> [DATA SEGMENT]
┌────────
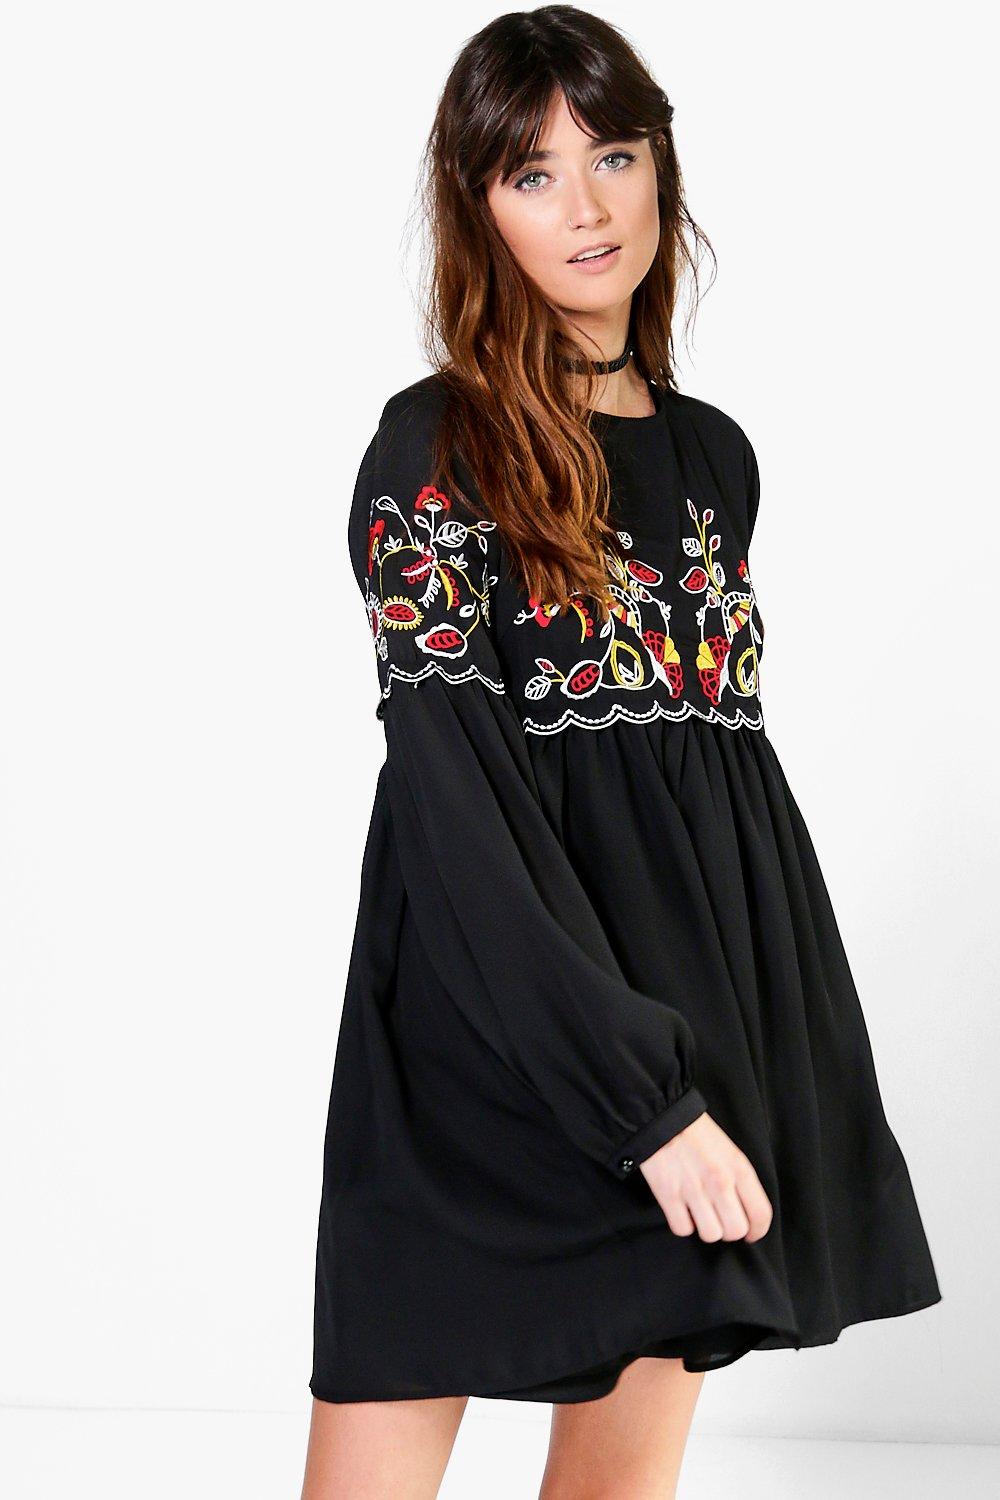 black embroidered smock dress
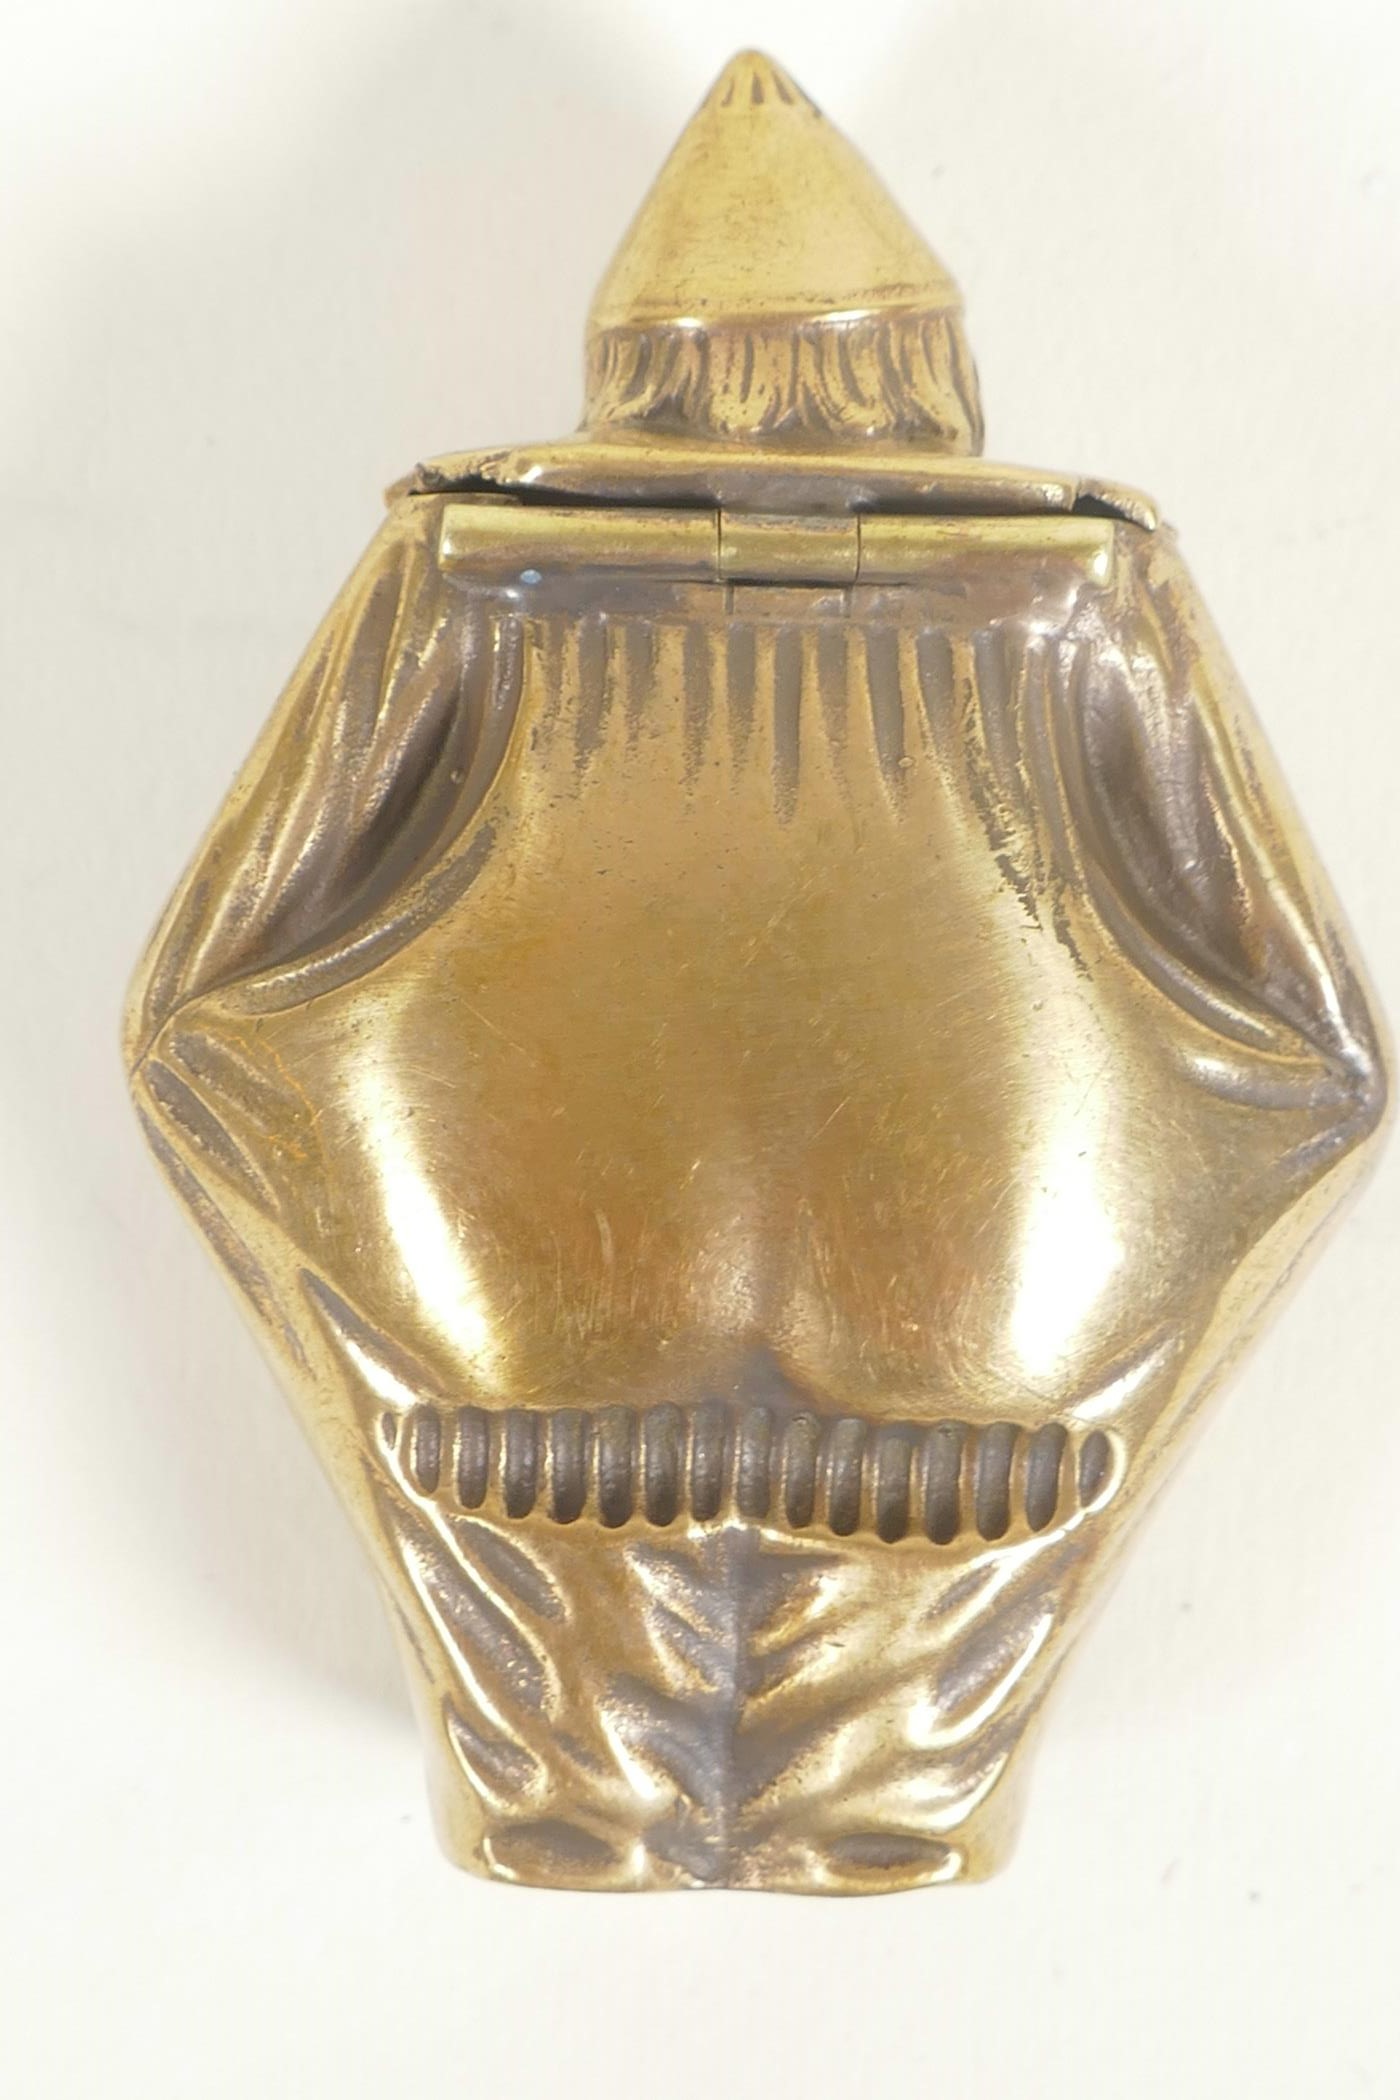 A brass vesta case, 2" long - Image 2 of 3
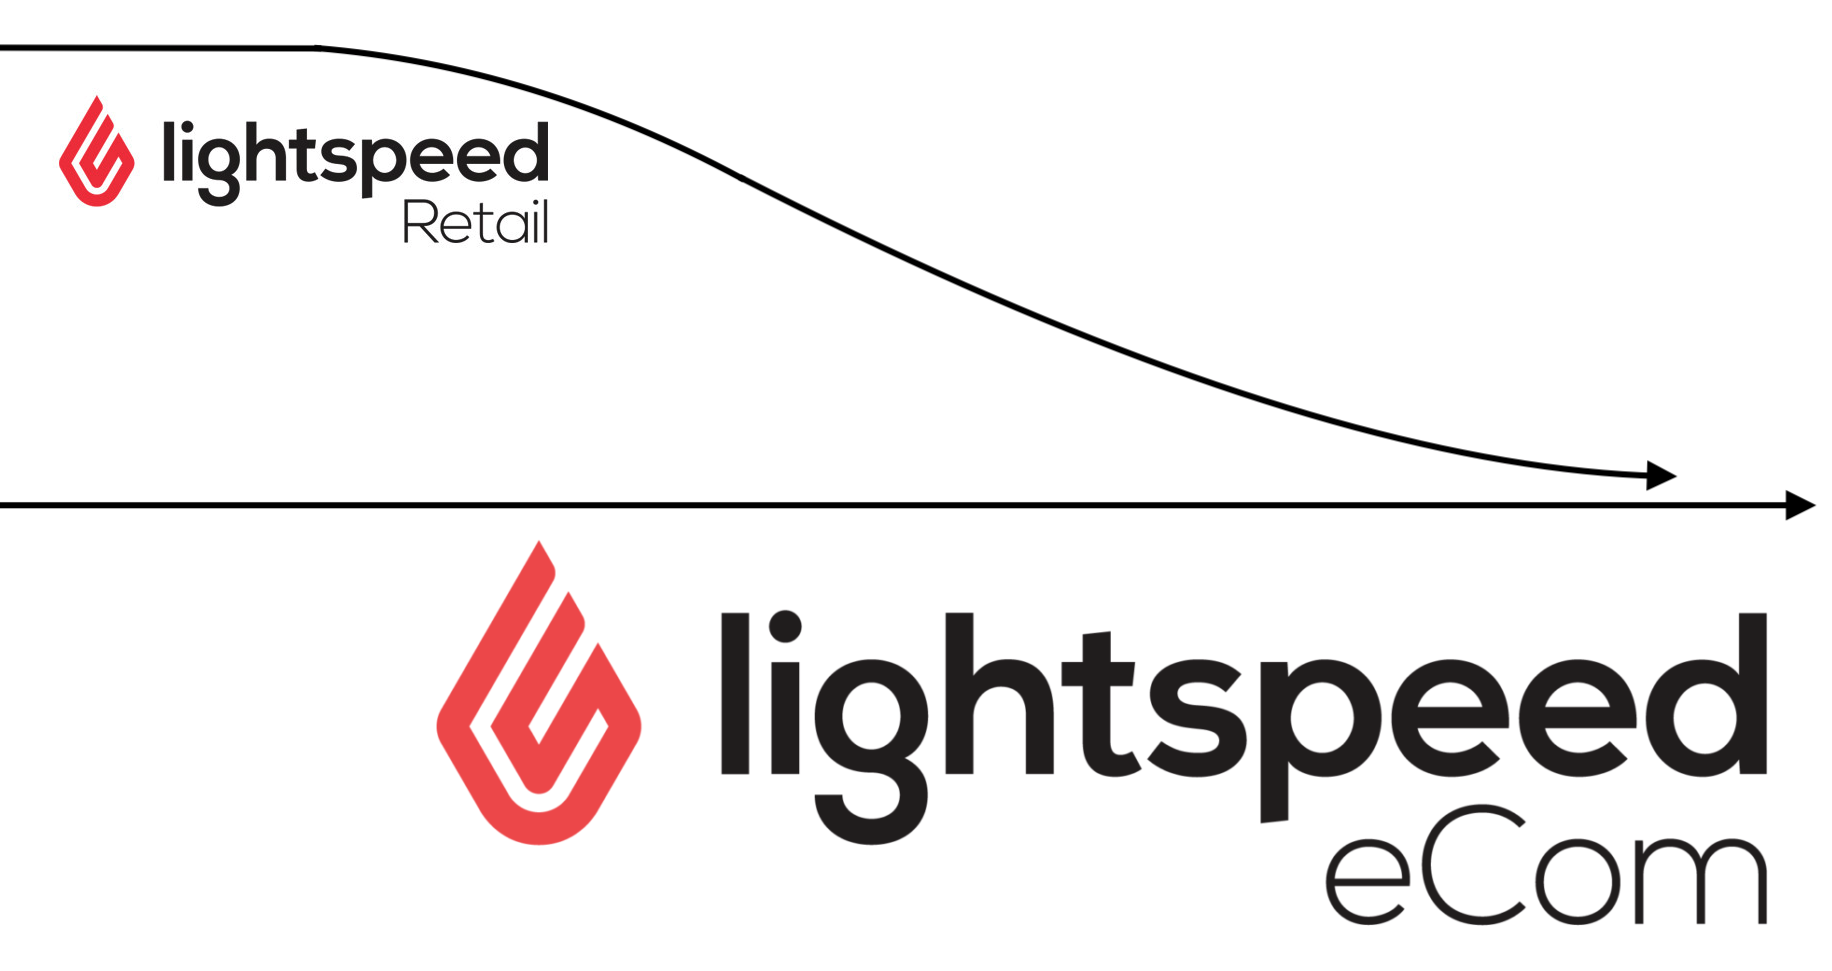 Zowel het Lightspeed Retail-logo als het eCom-logo worden weergegeven als pijlen. De Retail-pijl wordt samengevoegd met de eCom-pijl.
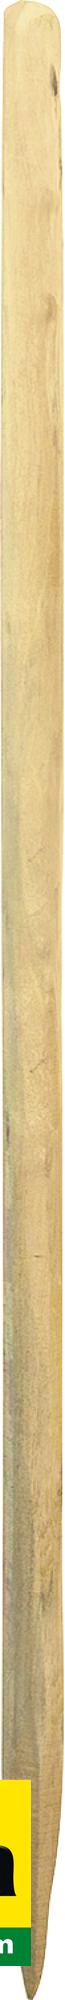 Patura Robinienpfahl, Natur, 1500 mm, d=6-8 cm gespalten, geschliffen, gefast, 219105
└────────
> [EXERCISE REQUIREMENTS]
Copy exactly, and copy only, the lines from the one bearing "Zowel het Lightspeed" through the closing line of the material, with both ends kept and pictures removed.

> [RESPONSE AREA]
 Zowel het Lightspeed Retail-logo als het eCom-logo worden weergegeven als pijlen. De Retail-pijl wordt samengevoegd met de eCom-pijl.
 Patura Robinienpfahl, Natur, 1500 mm, d=6-8 cm gespalten, geschliffen, gefast, 219105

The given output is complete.